Un parcours jusqu’à la négritude en langue portugaise

(…) Ma négritude n’est pas une pierre, sa surdité ruée contre la clameur du jour Ma négritude n’est pas une taie d’eau morte sur l’œil mort de la terre Ma négritude n’est ni une tour ni une cathédrale Elle plonge dans la chair rouge du sol Elle plonge dans la chair ardente du ciel Elle troue l’accablement opaque de sa droite patience. (Aimé Césaire)

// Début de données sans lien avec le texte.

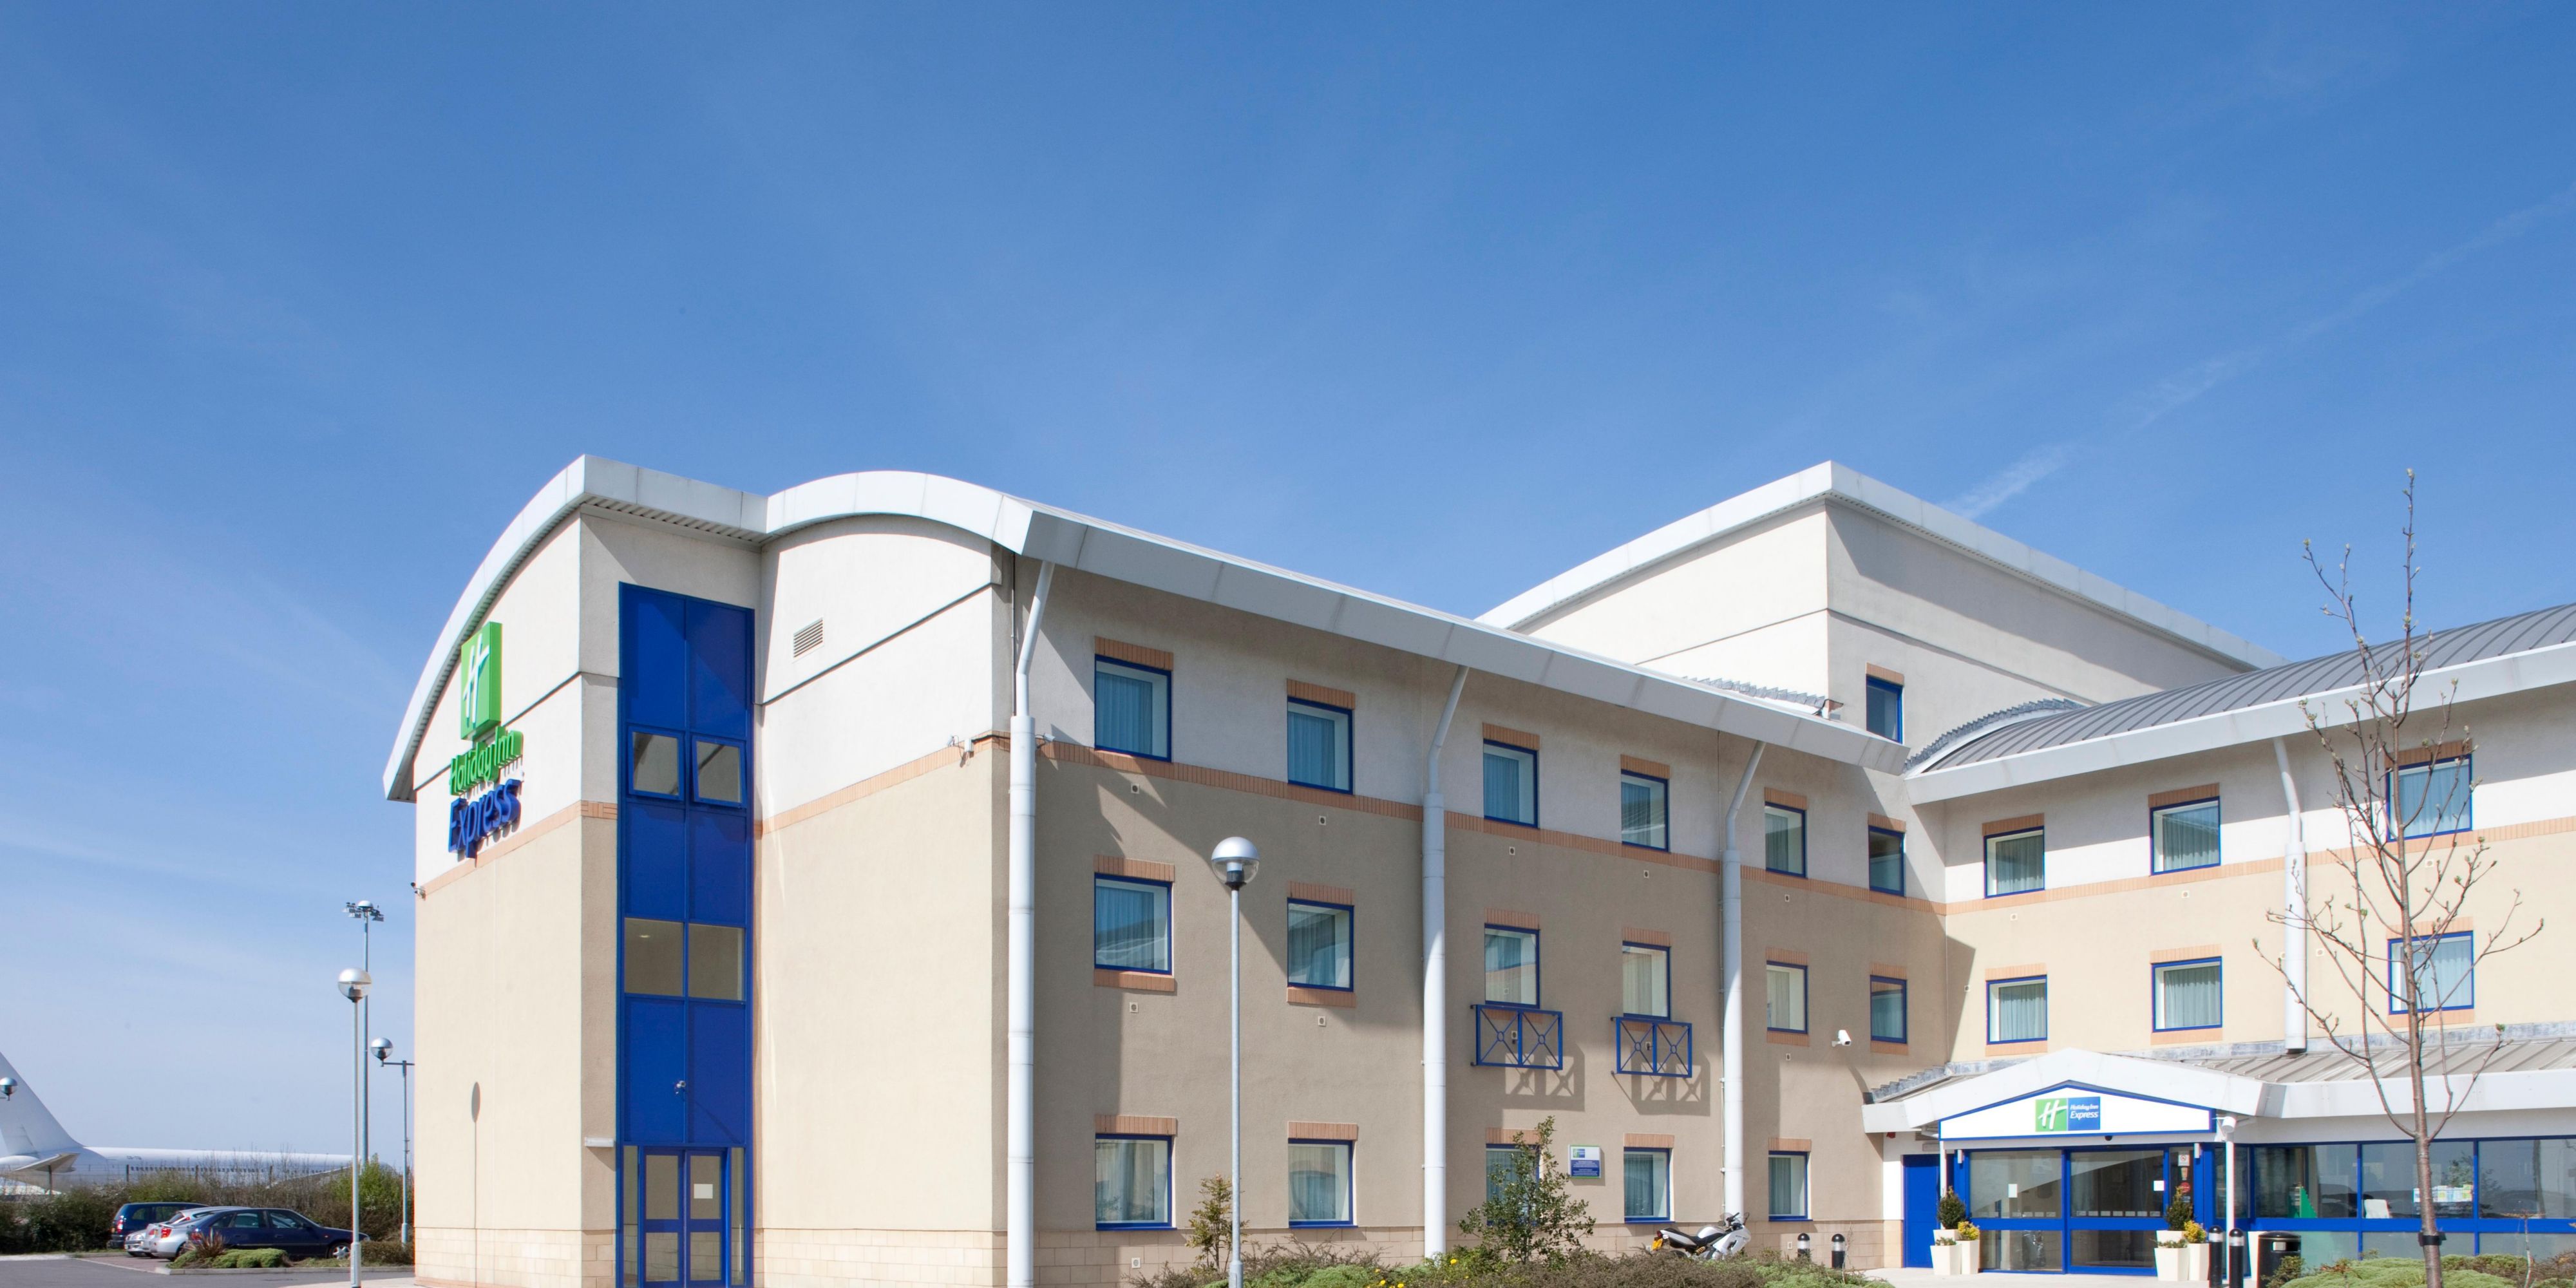 Here at the Holiday Inn Express Cardiff Airport we welcome groups big or small. With 111 bedrooms to offer we can comfortably accommodate larger groups. We offer competitive rates including breakfast. We can also cater for group dinners. Complimentary coach parking is available for all groups.
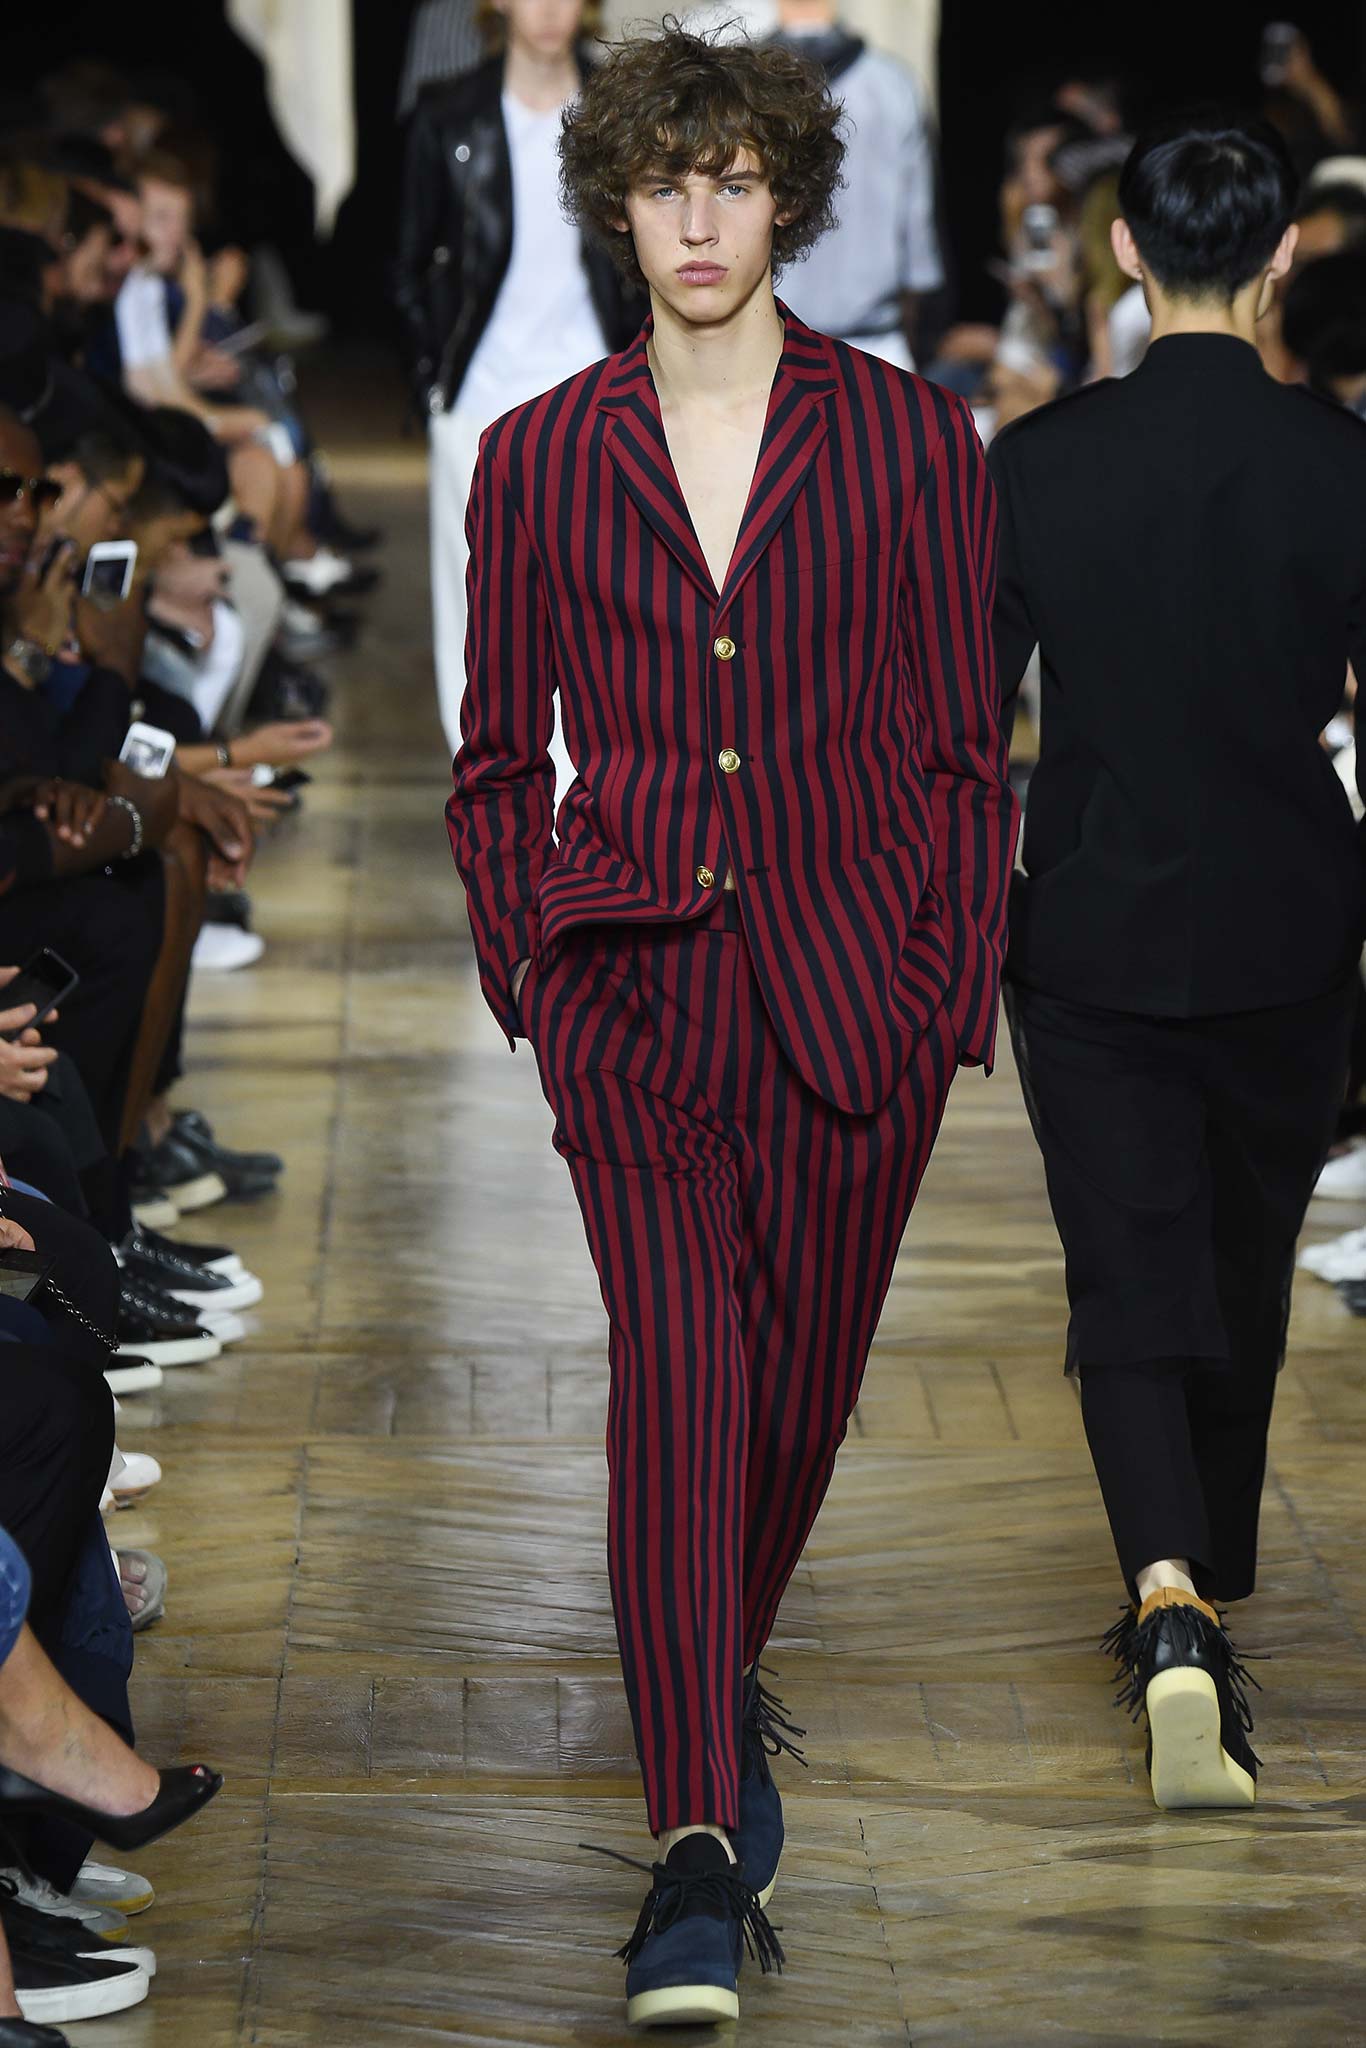 spring-2016-menswear-trends-04-long-striped-suits-07

«Afrique, continent imaginaire1» a écrit Sartre. Afrique, un monde étrange et

fantastique, peuplé d’êtres dont on n’avait jamais entendu parler et nous pouvons

imaginer la surprise et l’enchantement de ceux qui pour la première fois débarquaient

sur ces Terres.

Déjà, dans l’antiquité, les Colonnes d’Hercules annonçaient la fin et le début d’un

Continent. De ce coté là du détroit de Gibraltar, repose Ceuta, réminiscence du

monde européen, où, une fois passée la frontière, les couleurs de l’Andalousie se

transforment ; les sons se diluent annonçant un immense continent, où les hommes

apparaissent comme surgissant de la Terre. Après Ceuta, les parfums des fleurs

d’oranger, du henné et d’un jour de Ramadan, nous introduisent dans un autre monde.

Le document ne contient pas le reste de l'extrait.